▶ [Exercise prompt] Only the stretch below from the line holding "Aero Zarte Vollmilch Luft- Schokolade 100g" through the line holding "Kom in Giessenburg." should be restated, word for word and with both ends included; pictures stay out.

▶ [Records for processing]
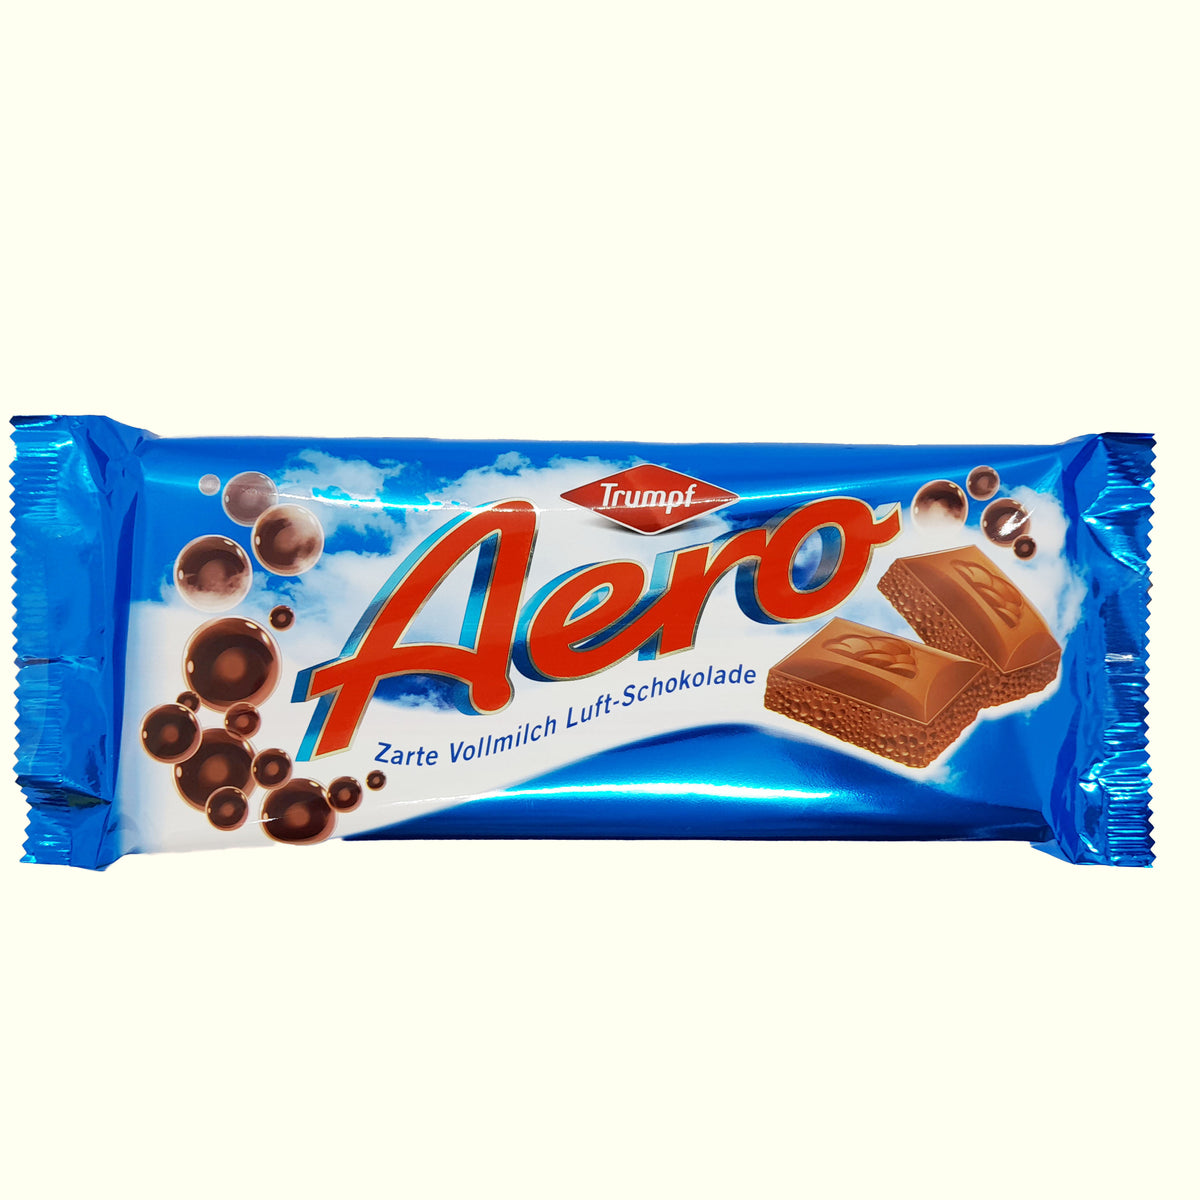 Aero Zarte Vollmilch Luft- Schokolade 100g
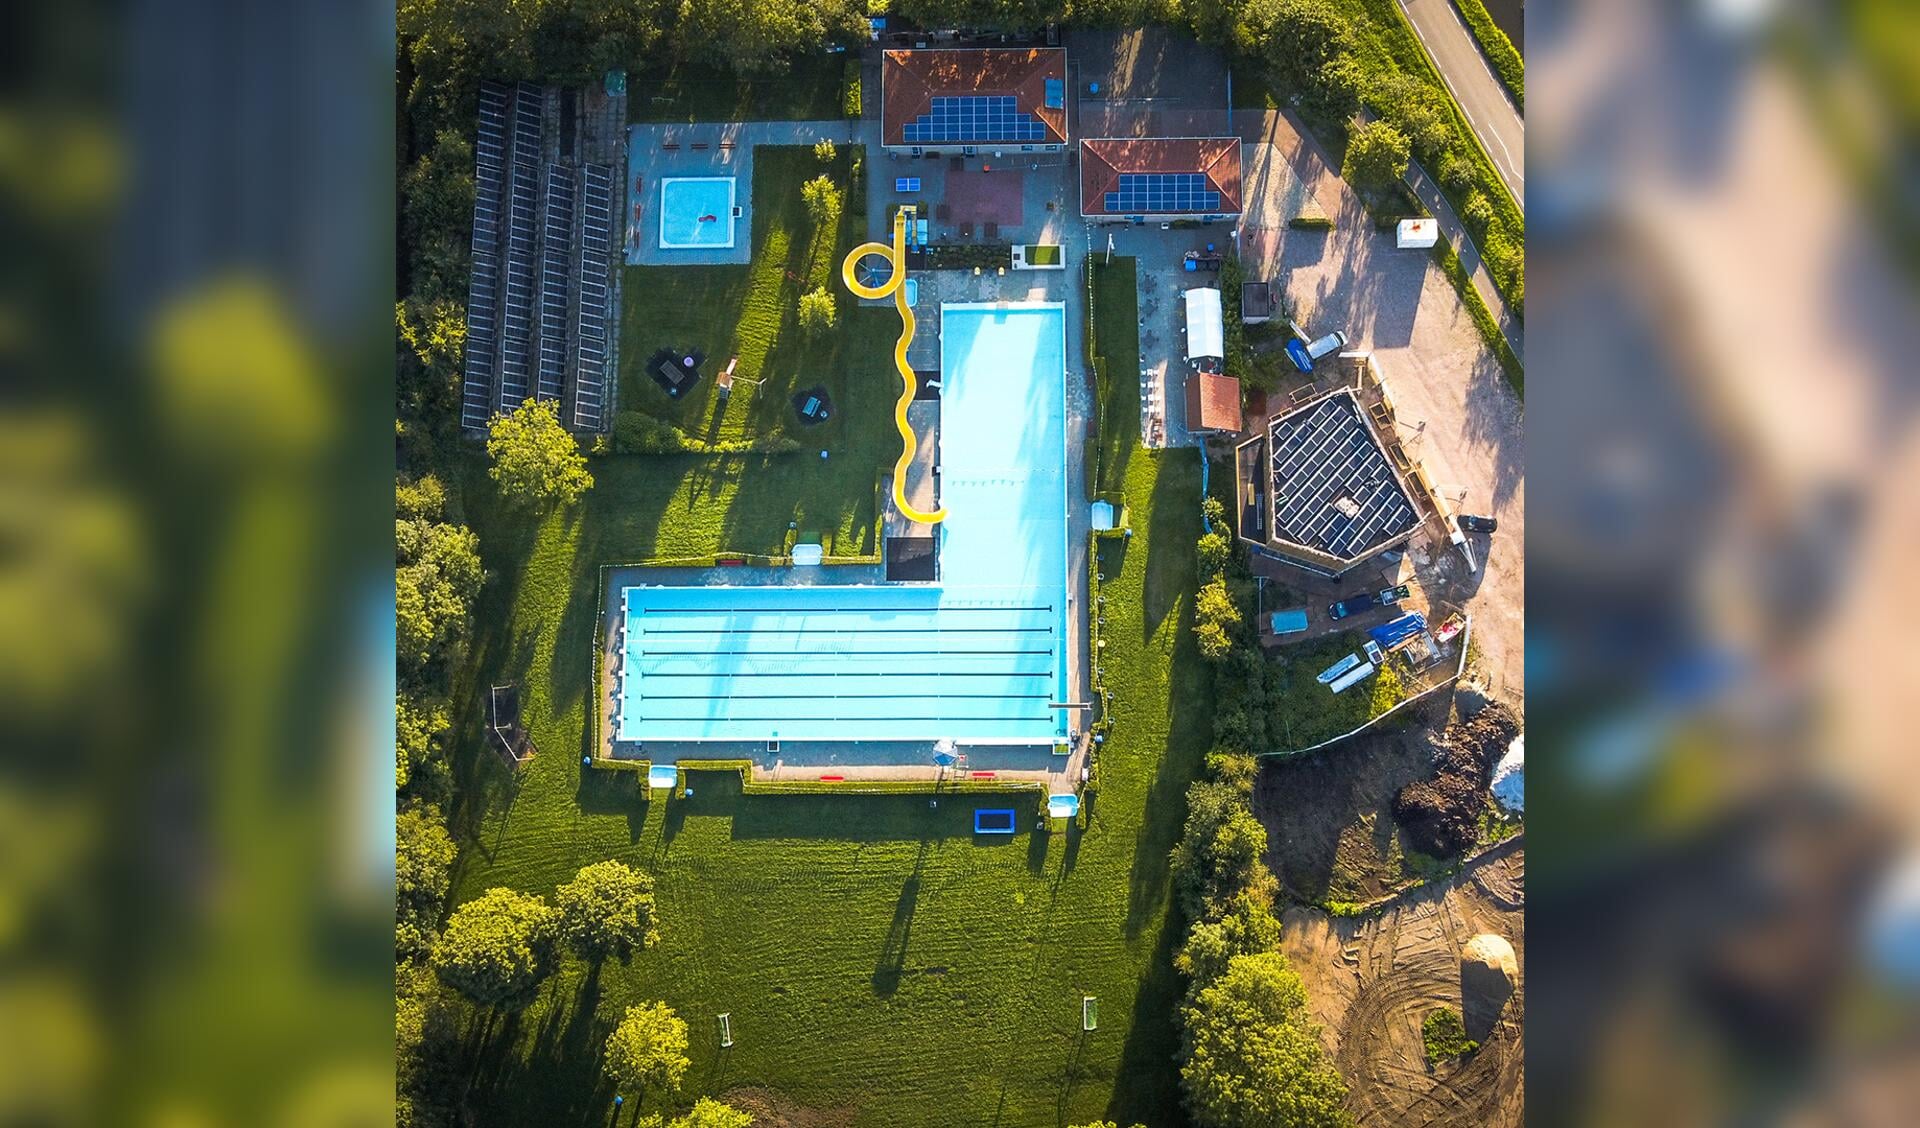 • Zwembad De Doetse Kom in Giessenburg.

* * *

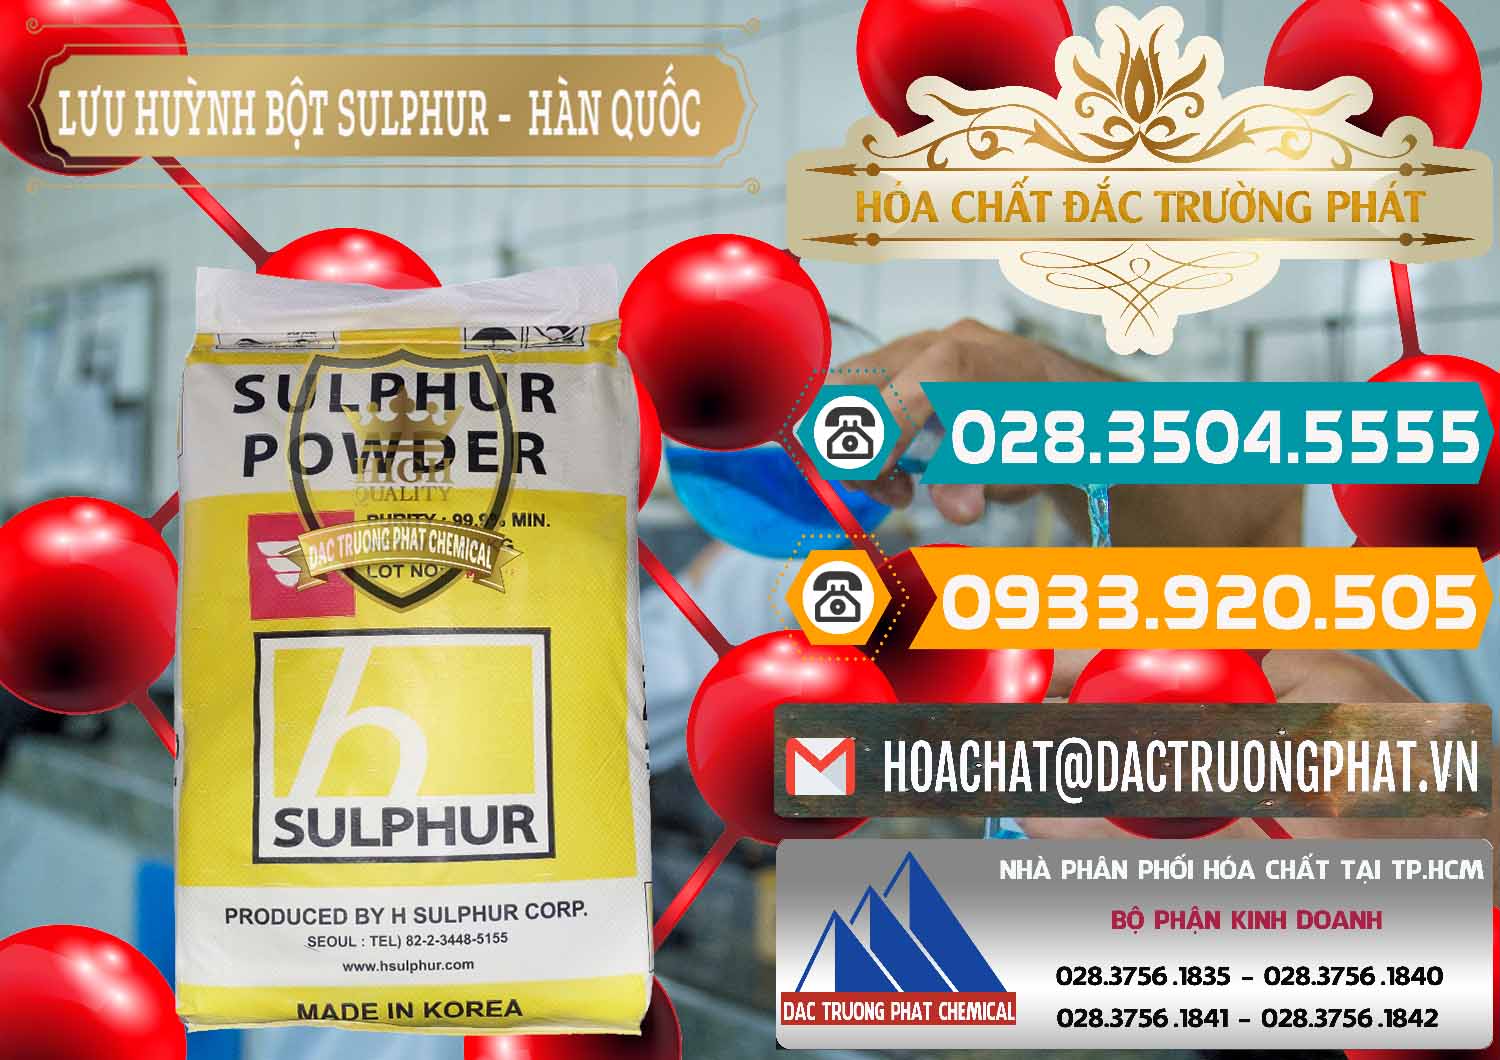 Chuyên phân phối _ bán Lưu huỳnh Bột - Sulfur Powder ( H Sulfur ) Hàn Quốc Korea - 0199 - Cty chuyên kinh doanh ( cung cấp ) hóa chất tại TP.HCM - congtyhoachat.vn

▶ [Solution to this task]
 Aero Zarte Vollmilch Luft- Schokolade 100g
 • Zwembad De Doetse Kom in Giessenburg.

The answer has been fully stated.